Да, конечно, я на какое-то время отставил полотно в сторону, чтоб хорошенько просохло. Лишь иногда заходил взглянуть, не потрескалось ли импасто. А когда пришло время, посоветовавшись с Асенсио, покрыл его лаком. Так оно и стояло на мольберте, неизвестно зачем, как упрек. Даже если я и ходил с этажа на этаж, даже если по вечерам дулся в карты, а днем играл с ребенком, все равно знал, что оно там стоит, со всей своей укрытой в гигантских мускулах силой, которой все-таки оказалось недостаточно. В конечном счете, не в силах жить с ним под одной крышей, я велел завернуть холст и отослал отцу на Вальверде. Вернувшись, посыльный сказал: «Велел передать привет достопочтенному сеньору». Передать привет. Изволим шутки шутить.

Говорит Мариано

Отец? Писал ли? Да, припоминаю кое-что из детства, кажется, мне тогда было годика три-четыре, и мы пошли к бабушке с дедушкой. Мне даже разрешили войти в мастерскую – но только чтоб я там ничего не трогал – и разрешили посмотреть, как меня дедушка рисует.

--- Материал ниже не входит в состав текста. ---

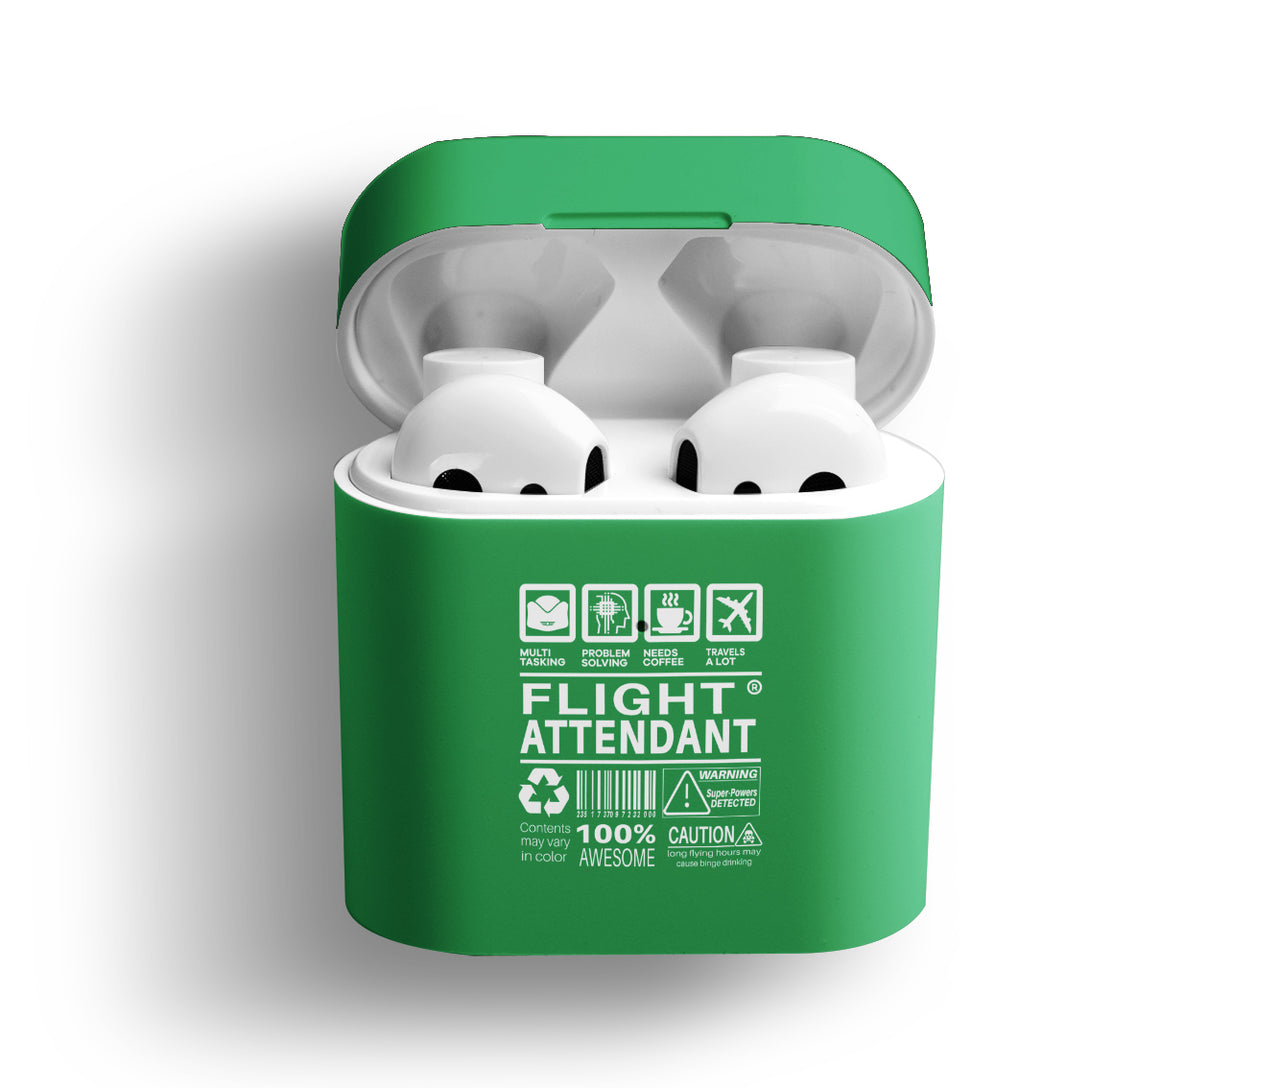 Flight Attendant Label Designed AirPods  Cases

А я и не собирался ни до чего дотрагиваться, на мне был красивый черный костюмчик с накладным кружевным воротничком, и я боялся его измазать, ведь все говорили, что я выгляжу в нем, как маленький принц. А если б я разорвал брючину или дотронулся до чего-нибудь грязного, а там все грязное, уже никто бы так не говорил. Дедушка велел мне сесть на стул, но я показал ему, что он чем-то заляпан, а на мне чистый костюмчик. Он страшно рассмеялся и пошел принести чистый стул; и поставил передо мной пюпитр с нотами. «Ты же ведь любишь петь», – сказал он. И мне надо было там сидеть, не шевелясь, а вокруг не было ничего интересного, только грязь и старые картины. Одна с голым сеньором. Но я побоялся спросить дедушку, что это за картина, а потом я бы не сумел ему показать на пальцах. Но когда пришла бабушка с шоколадом – дедушке в чашке, а мне в простой кружке, чтобы не разбил, – я спросил ее, что это за картина. А она мне каким-то таким теплым голоском и говорит, что это, мол, мой папочка написал, потому что мой папочка – тоже художник. Я очень удивился, но сразу же после этого я увидел портрет, на котором у меня на голове была шляпа, а она ведь осталась в прихожей. У меня на голове ее не было.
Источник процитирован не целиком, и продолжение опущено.